Her very nice parents somehow (?!) came around to the relationship, which I now know had started when she was 14. The girl an d the boyfriend invited me and another girl (also 16, also heavily involved in the sport) to go on holiday with 2 of them; I’d never been abroad without my parents before. The 4 of us went to Lanzarote.

I think that by me and the other 16 year old being there too (we all shared a self catering flat) it made it their holiday somehow “ok’?!

I don’t have anything specifically bad about the guy to say, other than that he always treated me coldly, perhaps he knew I didn’t like him. On the first night of the holiday the other three agreed to have some drinks when we arrived. I declined, and asked for just coke… he put vodka in it anyway. I soon felt weird, and freaked out, not knowing I’d had alcohol; I hadn’t been drunk before. The three of them laughed their socks off at me, sat on the bathroom floor of the flat in confusion, feeling sick. Only a long time later that evening did they confess the trick. Haha.

Anyway the holiday was fine, the couple had separate bedrooms but engineered plenty of alone time…

24 years later, this whole thing makes me feel creeped out. What was my mum thinking sending me on holiday with a bloke nearly 20 years older than us? Were times so very different in 2001?

For the record, the couple are still together. My mum said today she think they actually started dating when the girl was 13. But they’ve built a life together now, so that’s ok, isn’t it..
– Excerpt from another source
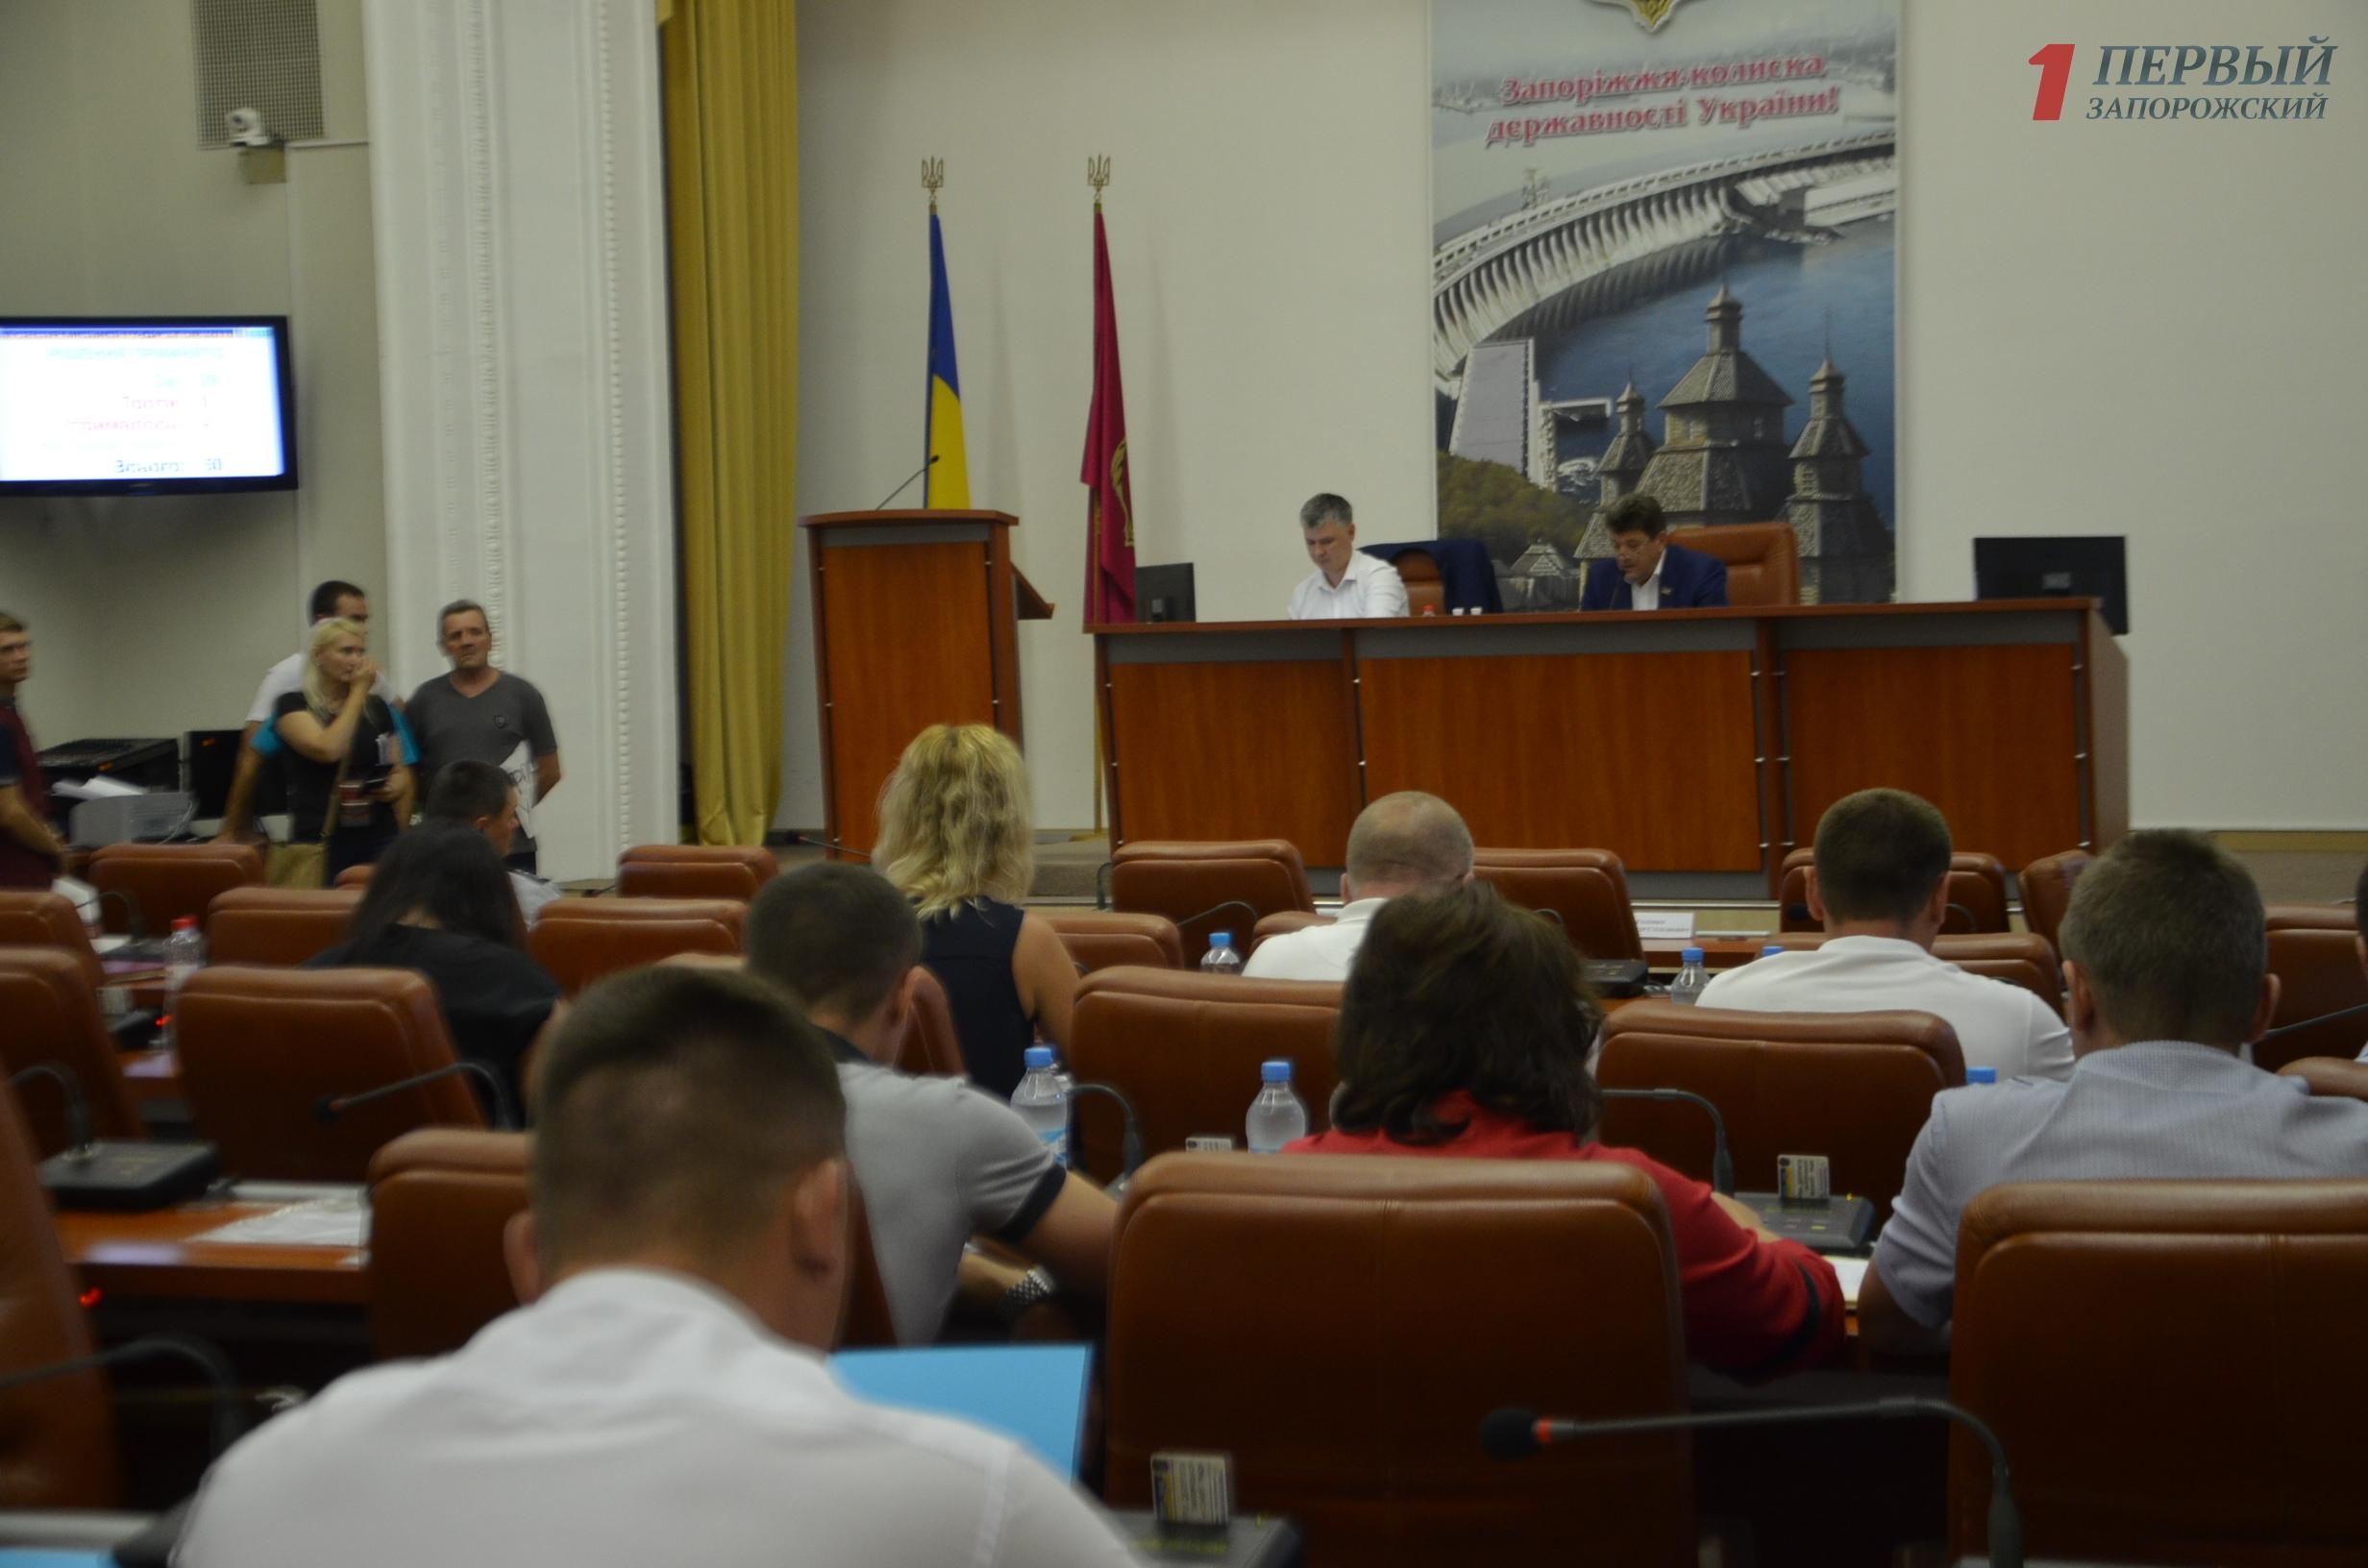 Запорожские депутаты выделили 330 тысяч гривен на переиздание книги о природе Хортицы

Anyway the whole thing makes me feel creepy AF, does anyone else have crazy shit like this from 20 years ago/could you give me some therapy to feel less weird about it?!!!

OP posts:
myplace · 12/01/2025 19:21

I think there was less stratification of age groups.

You left school at 15/16 and went to work, probably wearing a uniform of some sort, or you stayed in education.

People worked, went to the pub/clubs. That was it.
You either wore ‘young’ clothes, or middle aged clothes.
Youngsters might be punks, alternatives, new age. Everyone else was middle aged. You didn’t club when you had kids. You didn’t do girls’ nights.
Either you were at school, young, or married, in many ways.

You were young and single, and therefore available, or married.

chelseahealyslips · 12/01/2025 19:26

I've name changed for this, it's outing and feels so wrong when I talk about it.
I was 14 when I met a 'boy' who i thought was the bees knees. He was 6 years older than me. You do the maths.
I felt very mature for my age, especially stepping out with him (as my old nan would have said) he seemed wonderful and i didn't feel those 6 years at all.
At 15, we were living together. 17, I had a baby. 18, another. After that a miscarriage then a third baby at 21.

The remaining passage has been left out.